Please ignore the poor diagram as I just used paint to draw the rough circuit.

So here's the current source:

which I transformed into voltage source:

Did I do it right?

 

the ampmeter is not placed across the load, the first drawing is wrong. in the second drawing, the voltmeter is in series with the load, that is wrong. measure3 amps in series with the load, and volts across the load.

 

This looks like homework-related, so probably should have been posted in the Homework Help forum.

The quality of the schematic is more than adequate -- but that all people would post something as good (or at all).

Also, thank you for posting your attempt at a solution. Very rare and very appreciated.

Finally, yes, your transformation is correct. The resistor could have gone in either the top or the bottom (or the left) branch. Also, you could have swapped the polarity of the voltage supply and then specified the voltage as -12V. All of them are equal. By convention, a circuit such as this would typically be drawn with a voltage source that has the negative terminal at the bottom and (and so would have a value of -12V) and the resistor would be in the top branch. But that is purely by common convention because that's what people are used to seeing. It is technically correct as you have drawn it.

 

the ampmeter is not placed across the load, the first drawing is wrong. in the second drawing, the voltmeter is in series with the load, that is wrong. measure3 amps in series with the load, and volts across the load.

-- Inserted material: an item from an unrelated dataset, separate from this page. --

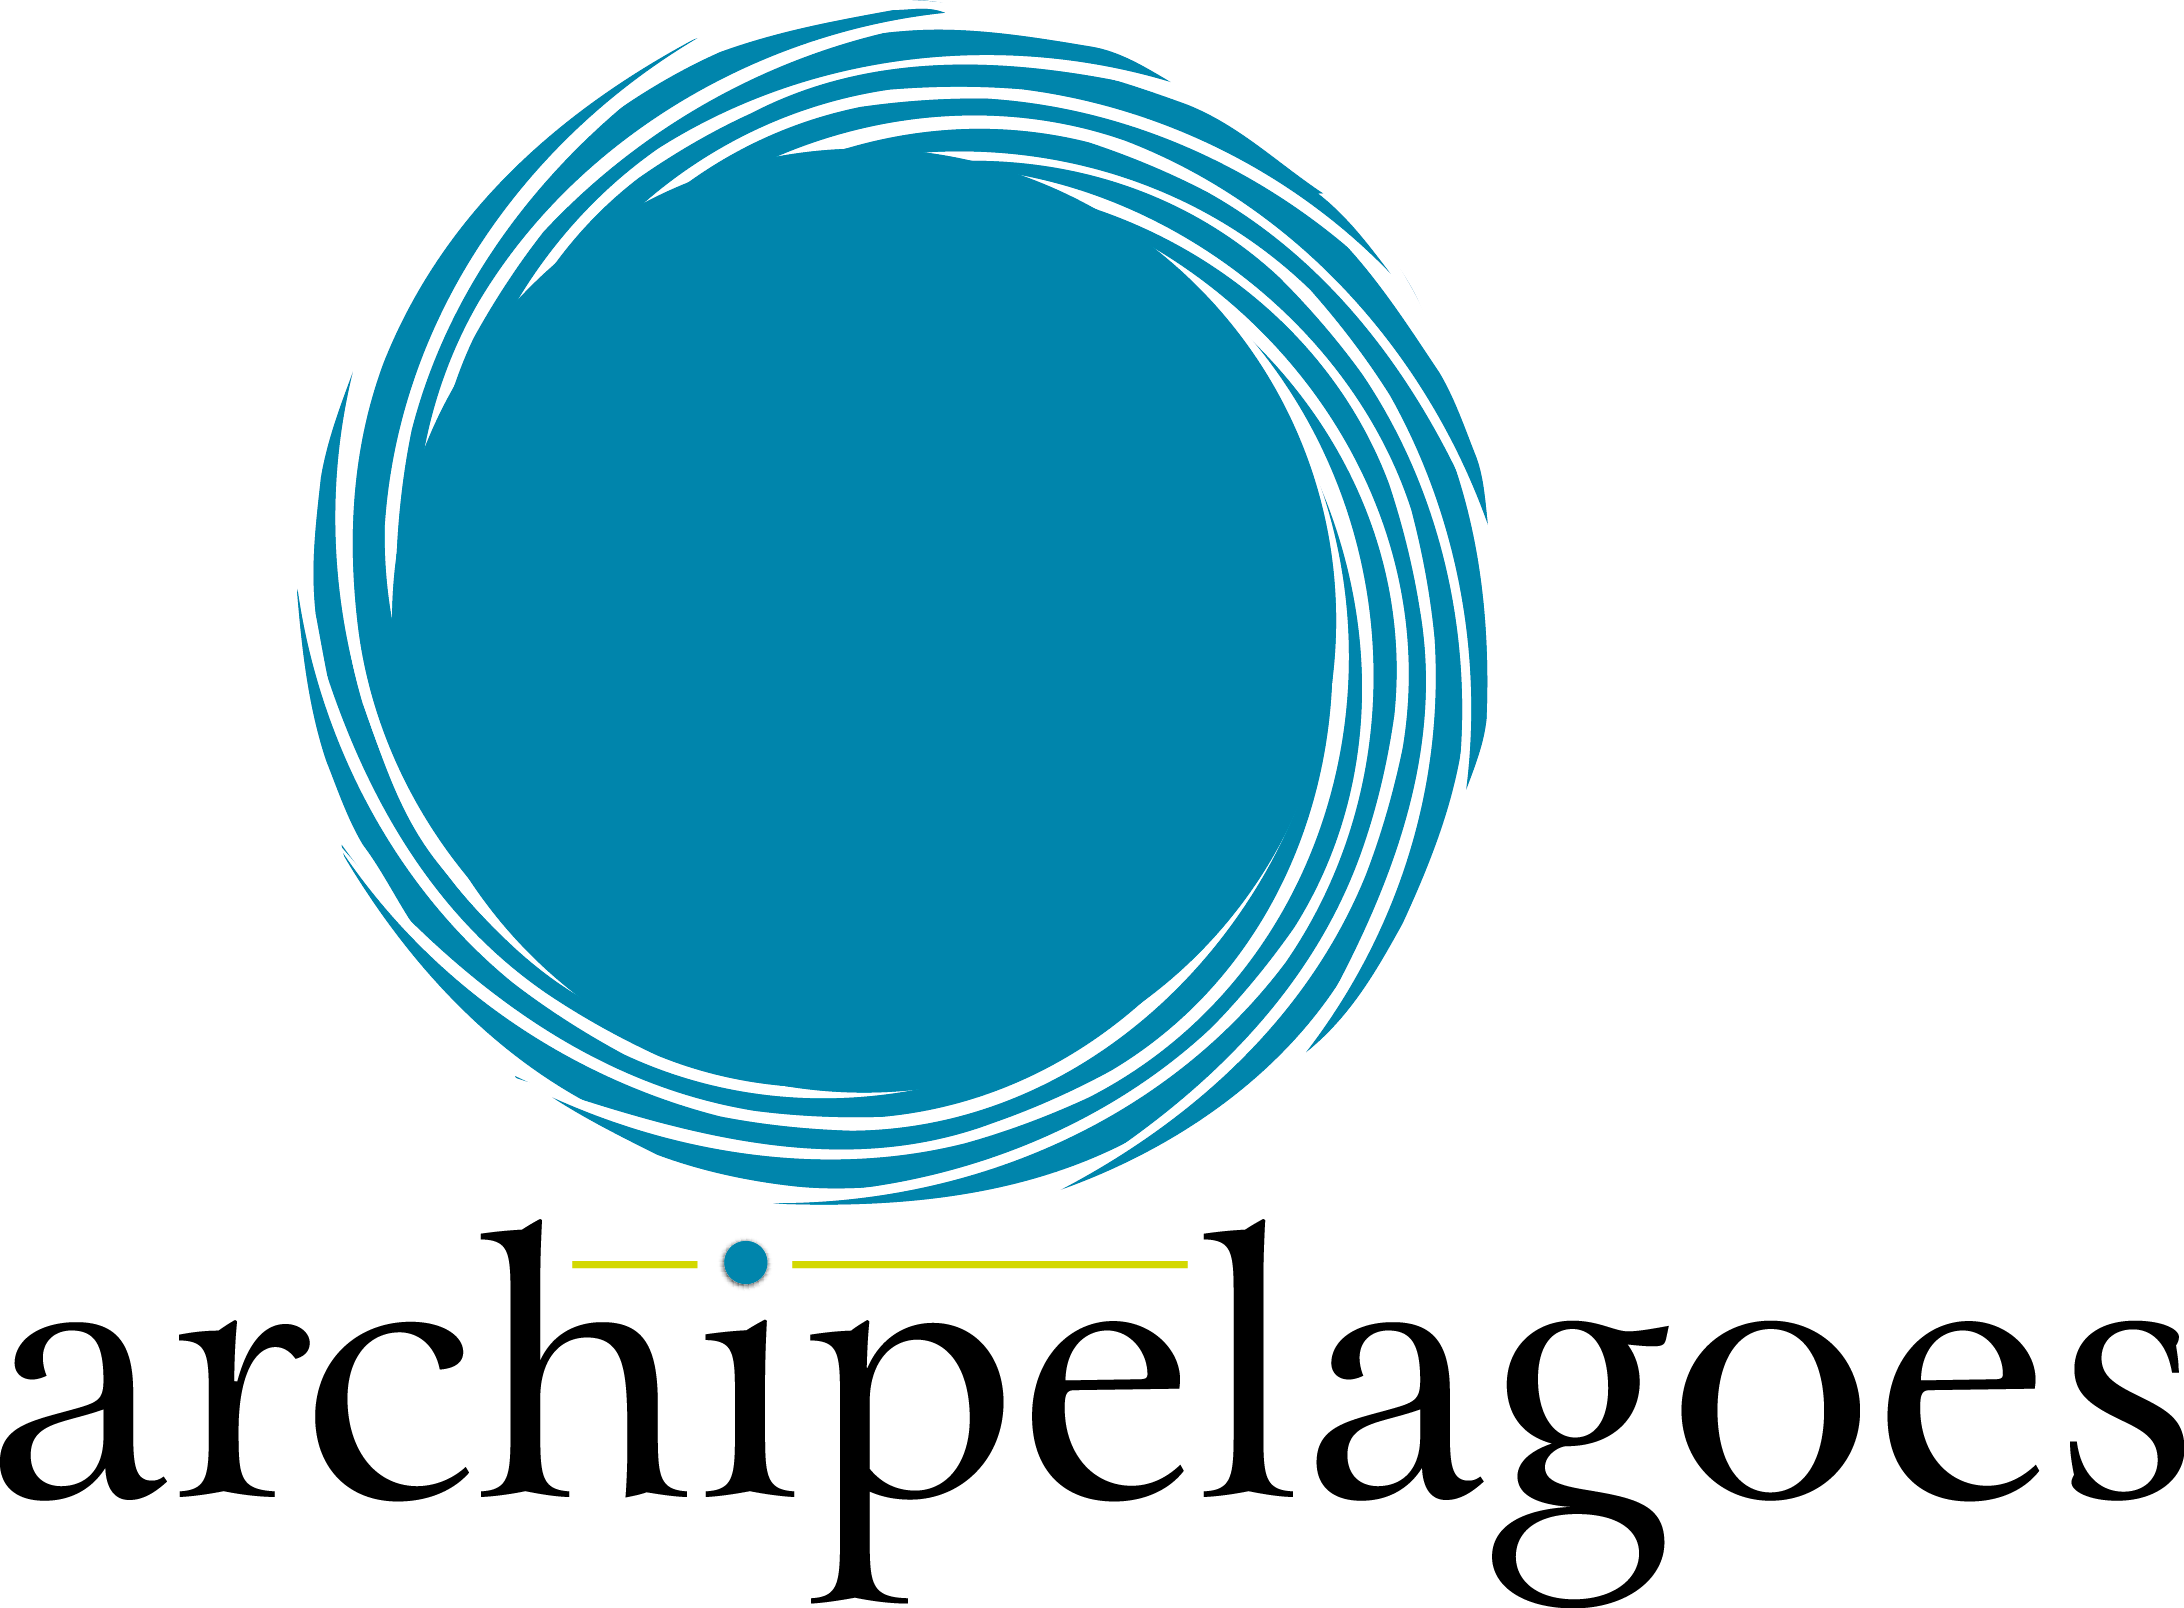 Archipelagoes.eps.png

There's no meters in either circuit. The first is a current source in parallel with it's output resistance and the second is an equivalent voltage source in series with its output resistance.

 

This looks like homework-related, so probably should have been posted in the Homework Help forum.

The quality of the schematic is more than adequate -- but that all people would post something as good (or at all).

Also, thank you for posting your attempt at a solution. Very rare and very appreciated.

Finally, yes, your transformation is correct. The resistor could have gone in either the top or the bottom (or the left) branch. Also, you could have swapped the polarity of the voltage supply and then specified the voltage as -12V. All of them are equal. By convention, a circuit such as this would typically be drawn with a voltage source that has the negative terminal at the bottom and (and so would have a value of -12V) and the resistor would be in the top branch. But that is purely by common convention because that's what people are used to seeing. It is technically correct as you have drawn it.

Thank you for the reply!
Can i know that if i rearrange the circuit to this:

Would it still be right?
My intuition says that it wouldn't be but this guy at 21:30 says that it is.

 

Yes, this transformation is also correct.

 

Yes, this transformation is also correct.

But isn't in that case current can't flow to the resistor because + side is on the opposite side of the resistor

 

But isn't in that case current can't flow to the resistor because + side is on the opposite side of the resistor

I don't get what you are trying to say?
If you short the circuit terminals the current will flow for sure. And remember that the internal circuit behavior of a circuit does not matter here. The "outside world" behavior is important here.
And this two simple circuits behave the same way from the "outside world" point of view.